Work item
Print every line below exactly. Skip the pictures.

Stored data
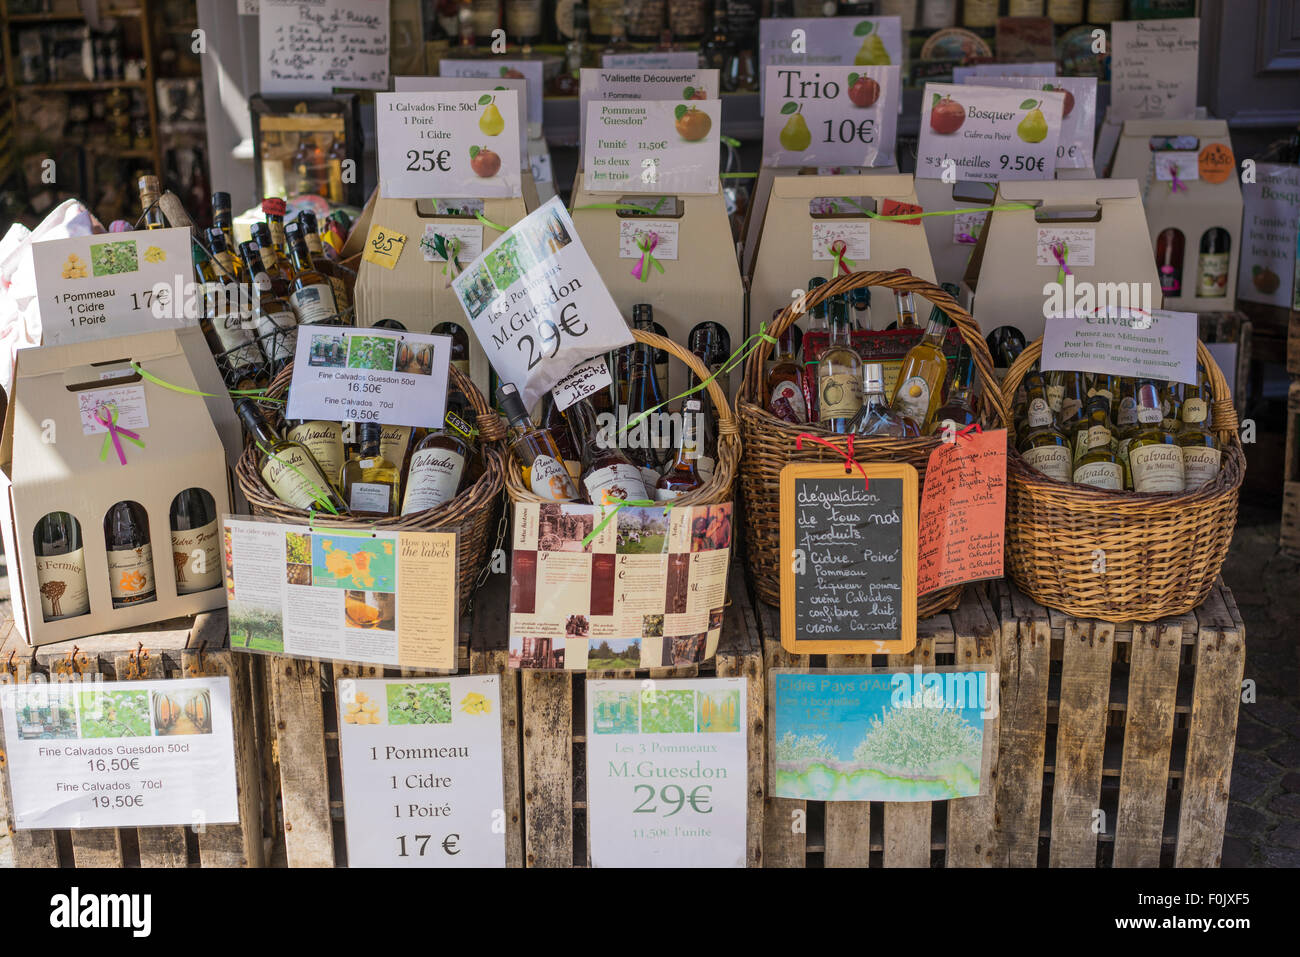 Calvados et cidre à vendre à Honfleur, Normandie, France. Banque D'Images
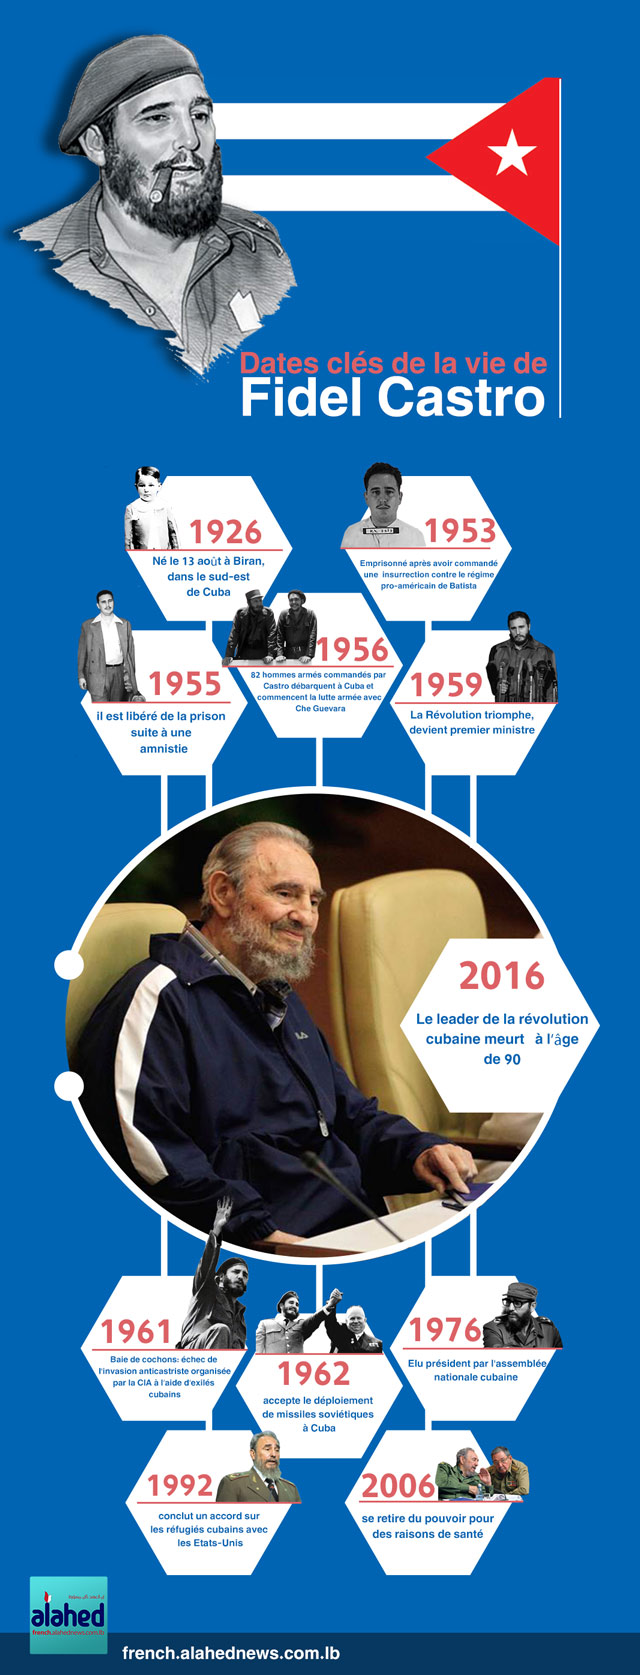 Date clés de la vie de Fidel Castro.
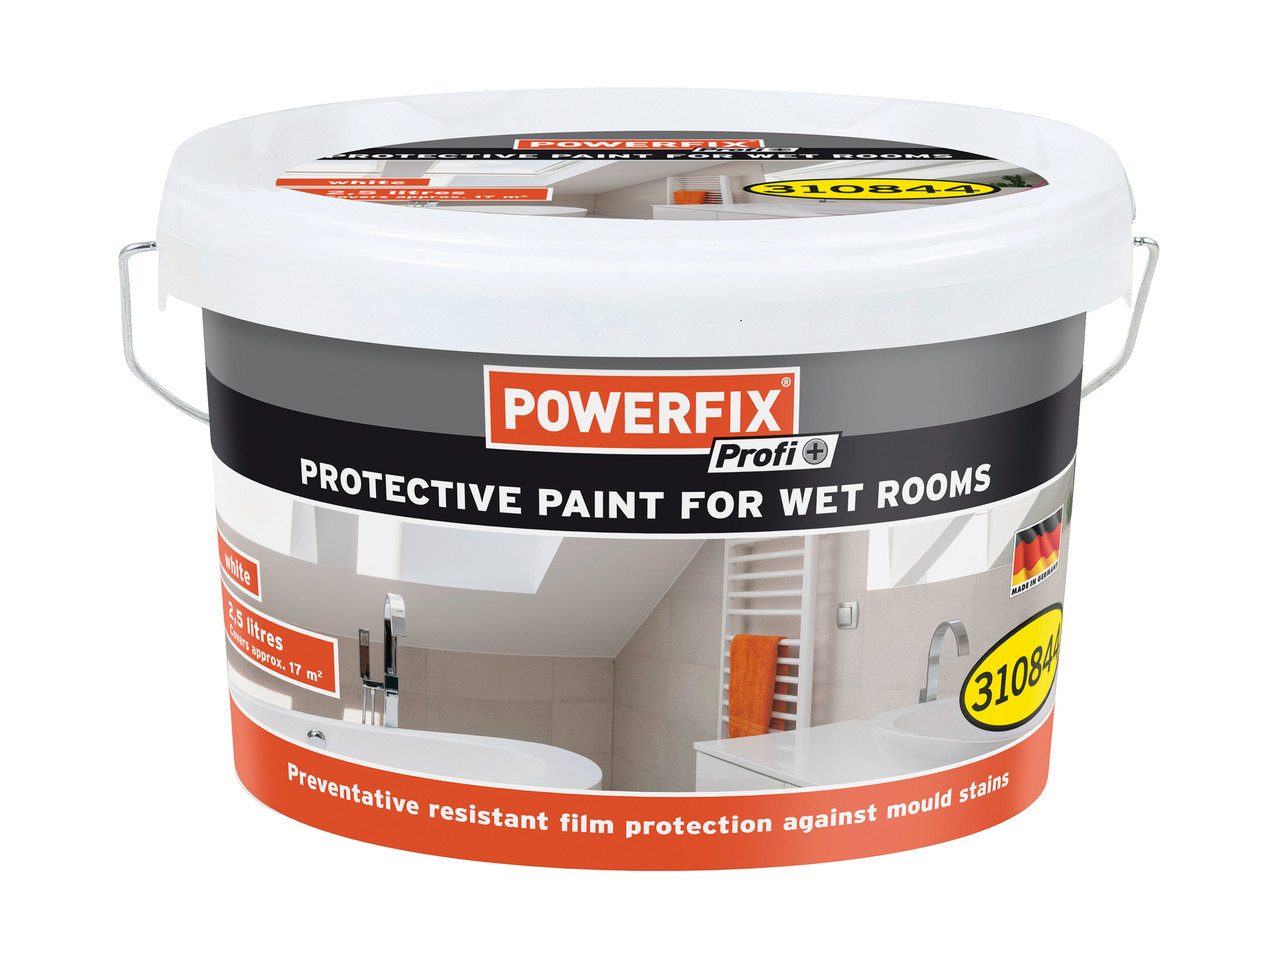 Powerfix Profi Protective Paint for Wet Rooms1
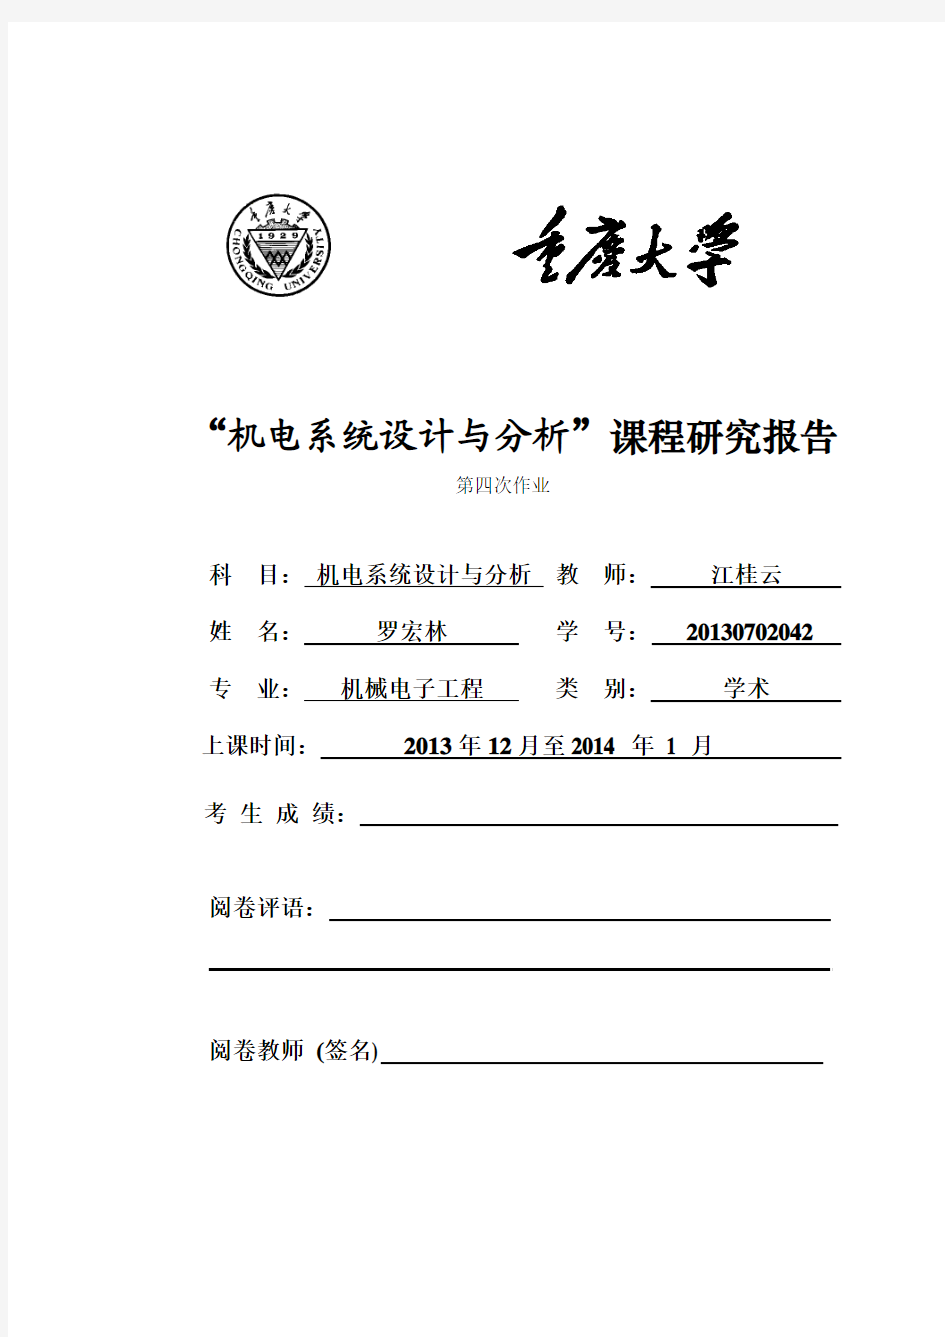 重庆大学 研究生课程研究报告参考格式

Answer to this exercise
 Calvados et cidre à vendre à Honfleur, Normandie, France. Banque D'Images
 Date clés de la vie de Fidel Castro.
 Powerfix Profi Protective Paint for Wet Rooms1
 重庆大学 研究生课程研究报告参考格式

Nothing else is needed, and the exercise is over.